Balazos en el pie
CIUDAD NEZAHUALCÓYOTL, 14 de febrero, 2017.- Es el año 14 del siglo XXI, por calles y avenidas aún circula don Burra, el fotógrafo ambulante o callejero y de eventos especiales en el barrio, donde habita con su familia y el asno sobre el que retrata a los chamacos.
Anda medio preocupado por la nueva legislación que protege a los animales: para ejercer su oficio y ganarse la voluntad de la clientela, camina arreando a su burra; cuando alguien solicita sus servicios, ella juega importante labor: será personaje, acompañante, ser decorativo, montura sobre el que aparecerá forever la personita elegida para aparecer en la foto.
Y no se la vayan a hacer de pex los protectores de los animales por explotación animal, maltrato, o por no otorgar las prestaciones de ley al jumento. A eso teme don Burra, al tiempo que señala el camellón arbolado para que sirva de escenografía:
-Véngase pa’ la sombrita, acá está verde. ¿Quién quiere un recuerdito, la foto del irrepetible acontecimiento captado para la eternidad? Muy pocos ya, la verdad: la tecnología ha logrado que cada poseedor de un teléfono o una cámara instantánea haga sus propios registros del otrora llamado Momento Kodak.
Don Burra aún utiliza cámara analógica, rollos de 100 ASA; se toma su tiempo para determinar que la apertura del diafragma y la velocidad de obturación sean acordes a la sensibilidad de la película, para que las fotos no salgan subexpuestas, oscuras; o sobreexpuestas: muy claras o quemadas, según explica al cliente para atenuar las prisas.
A su edad no es tarea fácil: la vista le falla; algo corrigen los anteojos, pero sufre para ver los numeritos de las lentes. Con todo, su oficio le sigue proporcionando lo elemental para subsistir con su familia y alimentar al asno, su fiel compañero y socio laboral, enjaezado con frutas y verduras de plástico que ya dieron lo mejor de sí, aunque algún colorido aporta al pollino para solaz de la clientela.

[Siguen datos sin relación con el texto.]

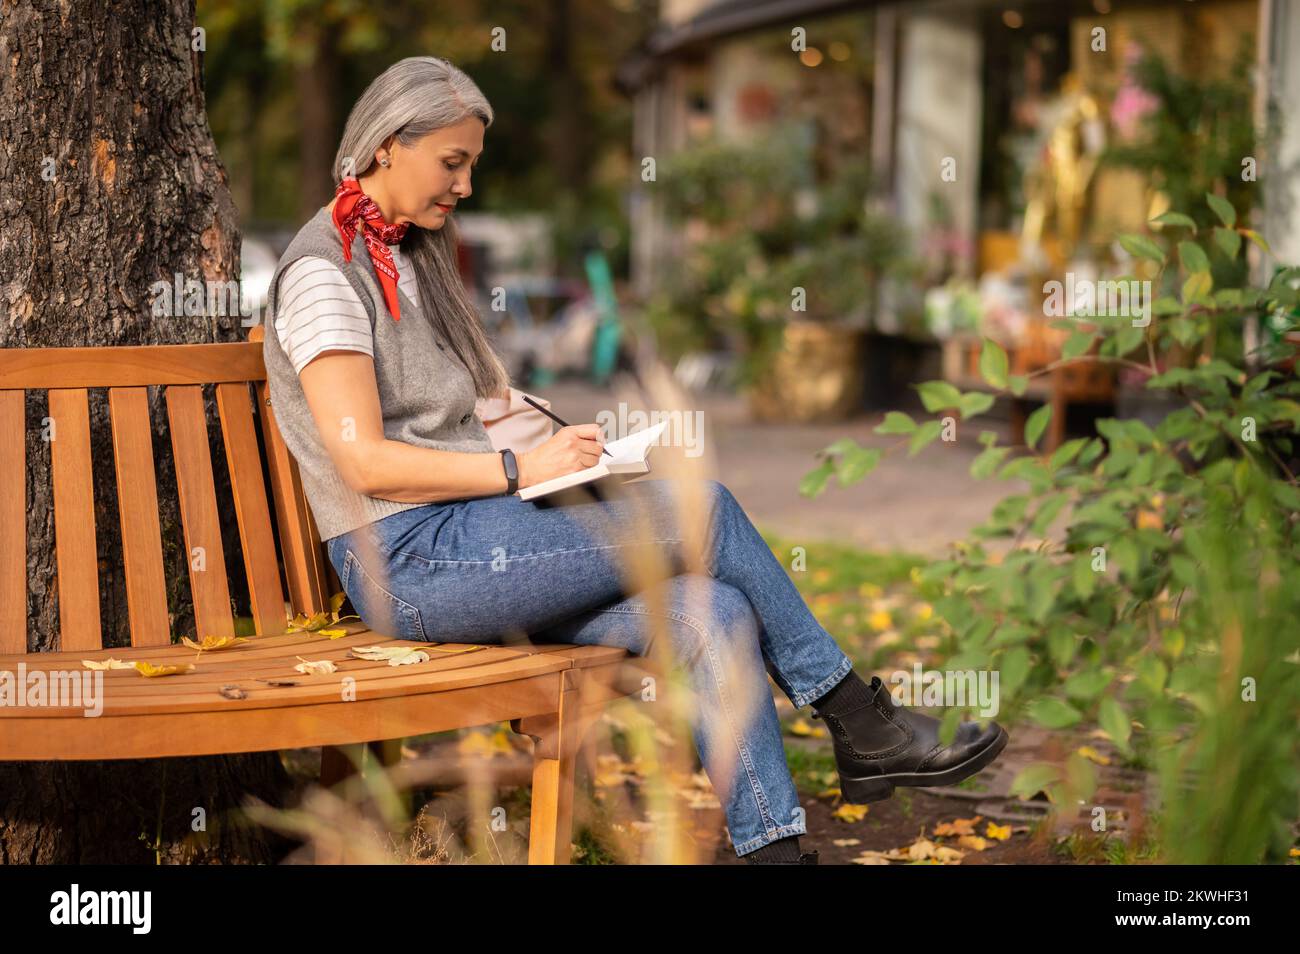 Woman sitting on a bench with a notebook in and looking involved Stock Photo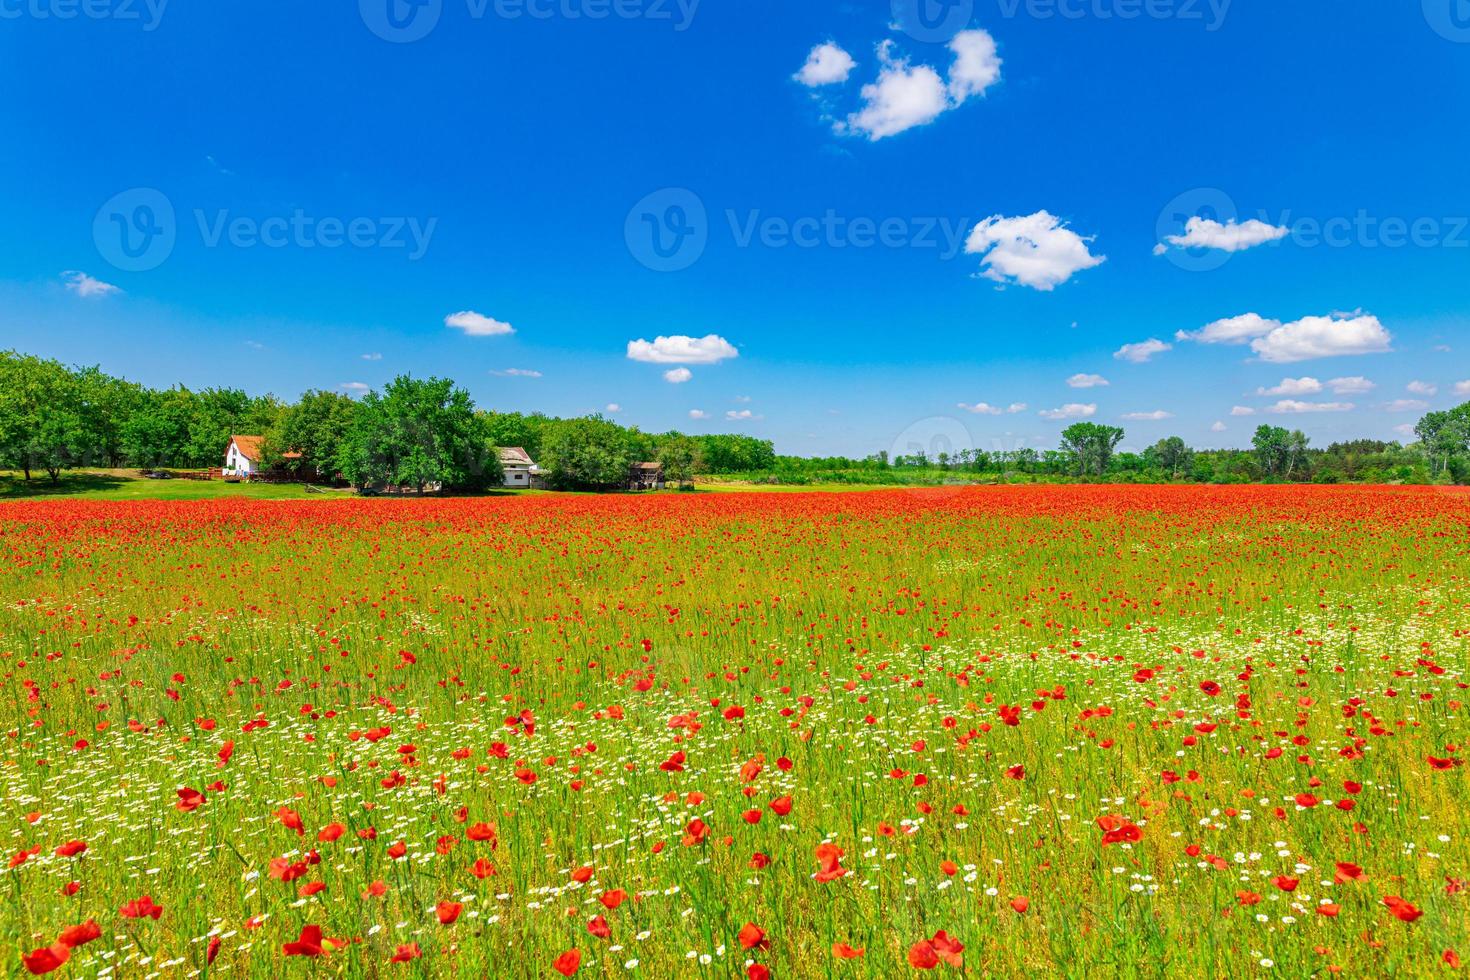 Panorama of poppy field in summer countryside. Red poppy flowers blooming in the springtime nature landscape. Idyllic scenic view photo

Don Burra ya no acude a las domingueras dominadas que se armaban casa de don Fer, el tapicero. A ella concurrían con sus respectivas chiquilladas don Chiquito, el yesero; don Chava, de oficio taxista; don Sera, qepd, chofer ferretero; Pelanchita, la criadora de gigantescos marranos; Lena la tendera y su marido el Tenango, administrador nocturno de un hotel de paso en Niño Perdido.
Desde el resistente tocadiscos fluían canciones rancheras, corridos, boleros, cumbias y hasta valses para que, quienes no jugaban dominó se entretuvieran bailando y entrándole con fe a la botana y a las cubas.
Quesadillas, tostadas de pata o tinga, agua de Jamaica, trozos de chicharrón y salsa de chile morita con jitomate asado volaban en un santiamén. Los más deportistas se sobaban la panza y emocionaban frente el televisor ante la proximidad del ¡goool!
Las partidas de dominó se sucedían, al calor de los tragos de Don Pedro o ron Havana con agua mineral y pintadito con refresco de cola. Pobre de quien quedara zapato en la dominada: le tocaba adquirir dos pomos para la reunión del domingo siguiente.
Las esposas aprovechaban para ponerse al tanto de los acontecimientos en el barrio y dejaban sueltos a los chiquillos para que jugaran a las escondidillas, a los encantados, al burro entamalado; ay de aquel que entrara gimoteando, porque se exponía a recibir dos que tres manazos por interrumpir el chisme de las doñas.